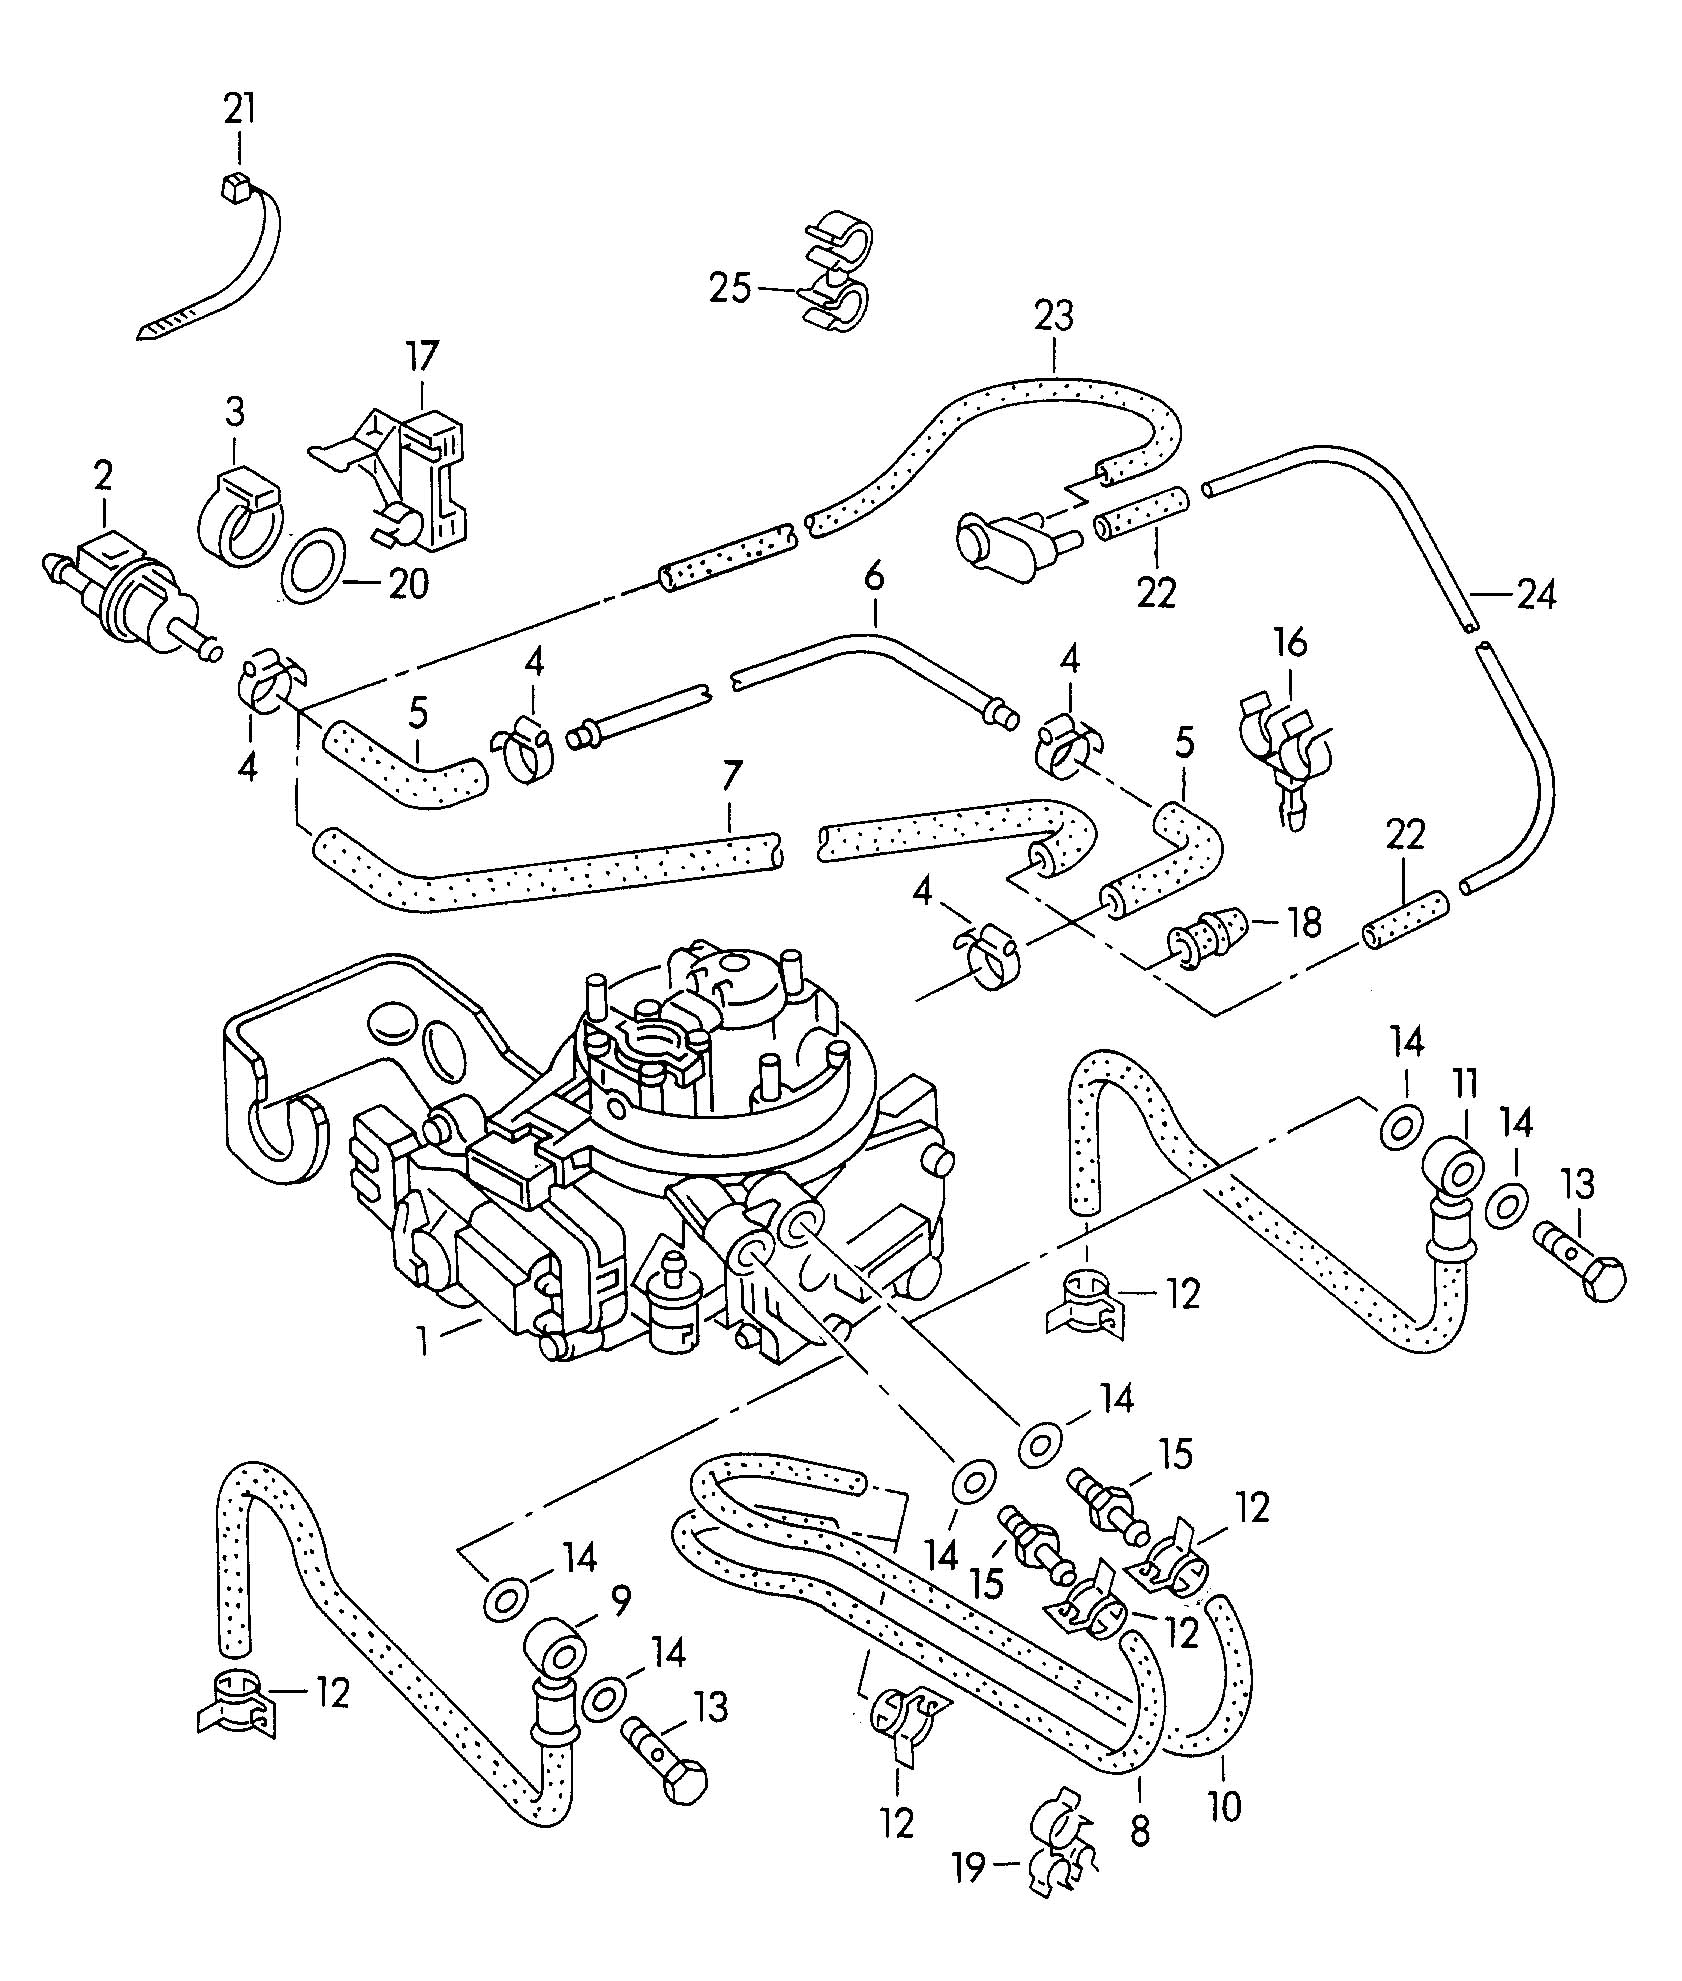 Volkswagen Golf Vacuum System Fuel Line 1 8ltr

--

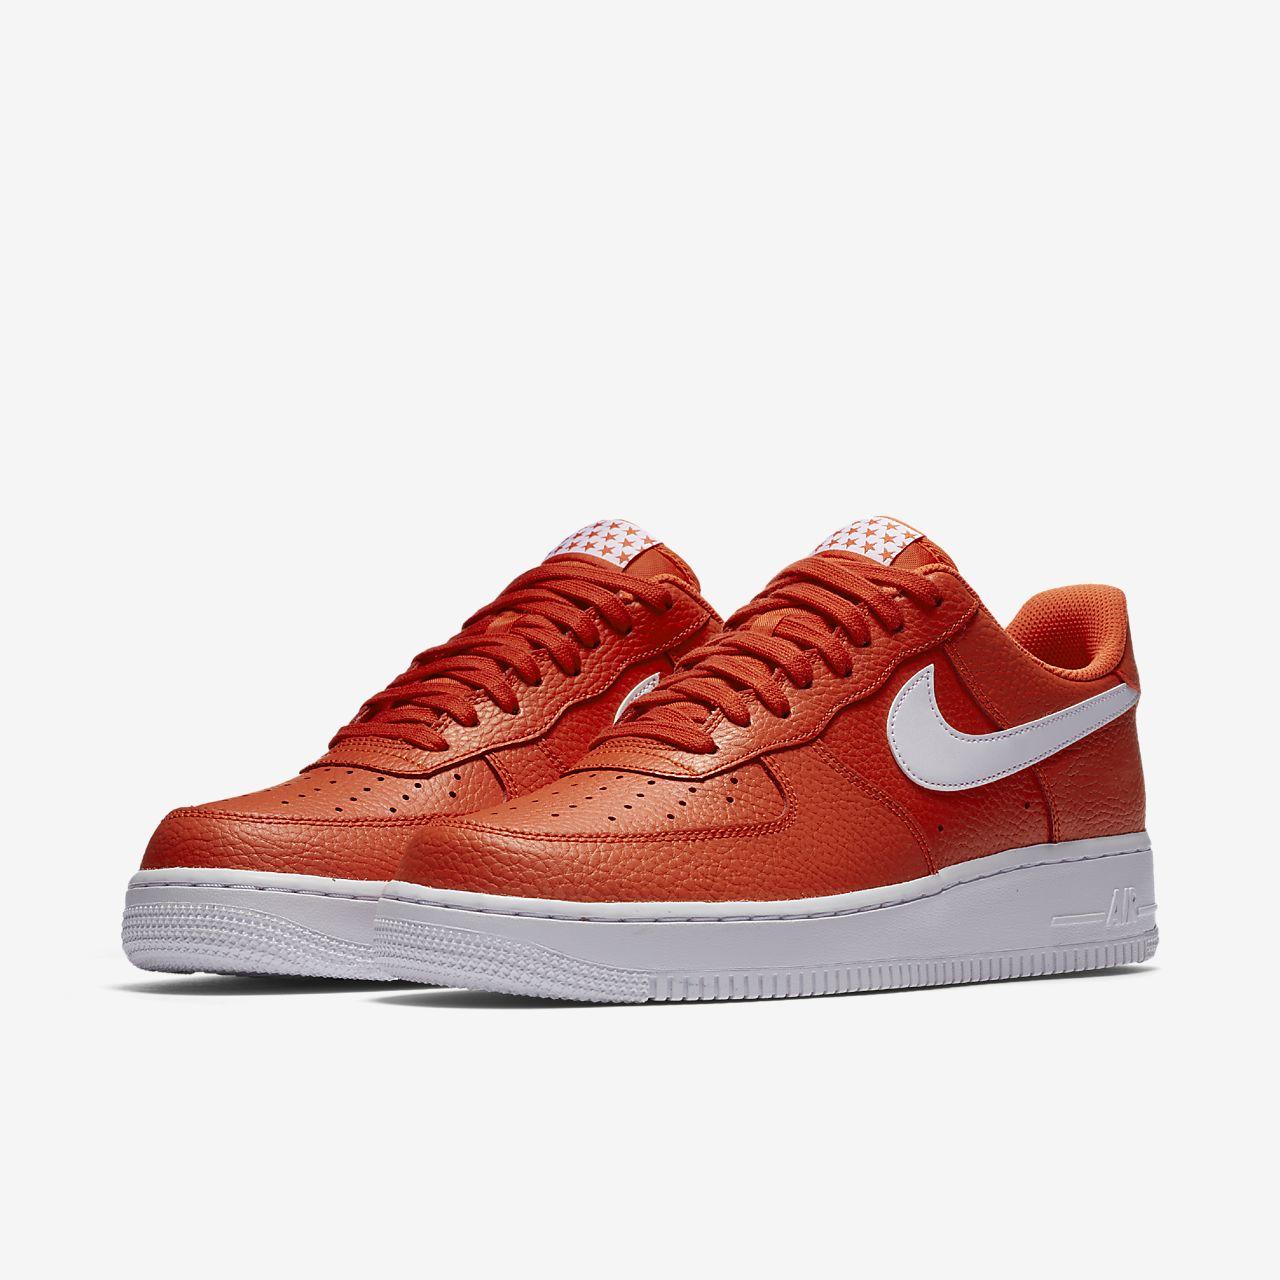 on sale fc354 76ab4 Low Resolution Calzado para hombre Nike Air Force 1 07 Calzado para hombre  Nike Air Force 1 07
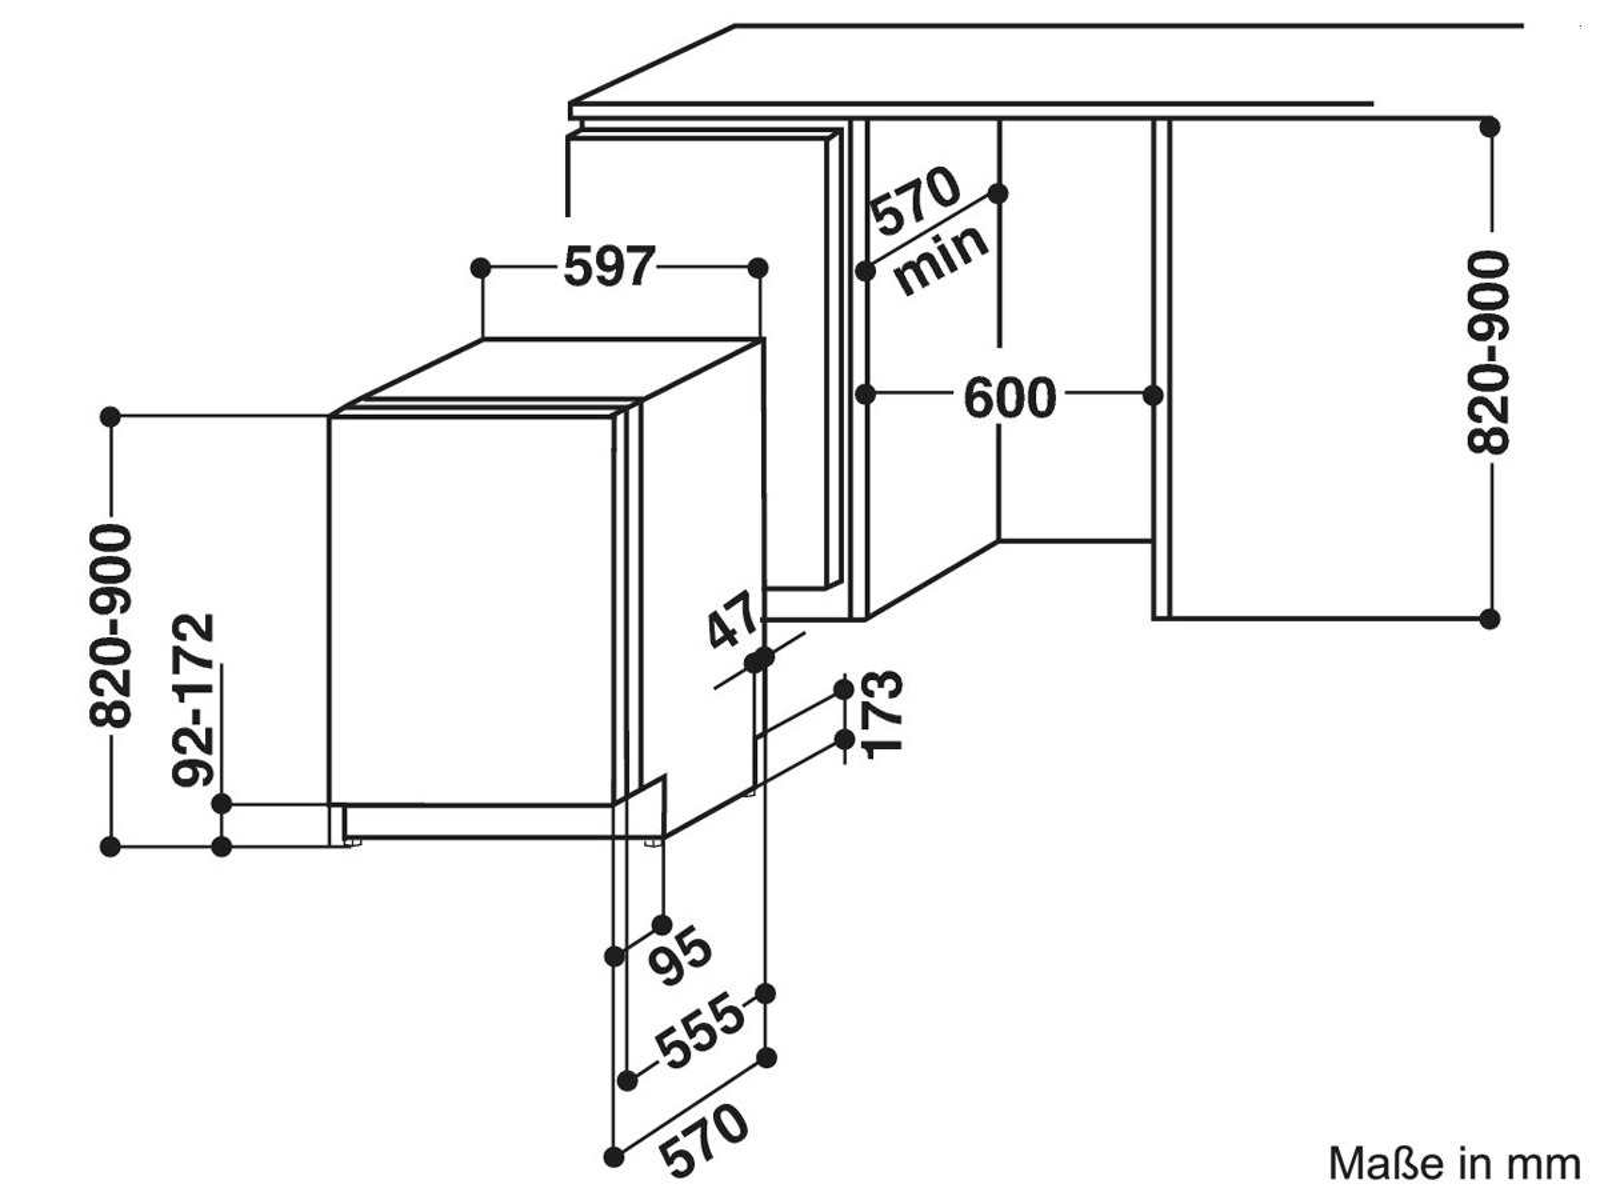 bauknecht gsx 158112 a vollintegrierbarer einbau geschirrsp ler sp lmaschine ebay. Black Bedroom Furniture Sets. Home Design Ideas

WHAT TO DO → The response must repeat exactly the lines above from the one with "on sale fc354" through the one with "bauknecht gsx 158112", including both, and must contain no pictures and no other text.

ANSWER BELOW →
 on sale fc354 76ab4 Low Resolution Calzado para hombre Nike Air Force 1 07 Calzado para hombre  Nike Air Force 1 07
 bauknecht gsx 158112 a vollintegrierbarer einbau geschirrsp ler sp lmaschine ebay. Black Bedroom Furniture Sets. Home Design Ideas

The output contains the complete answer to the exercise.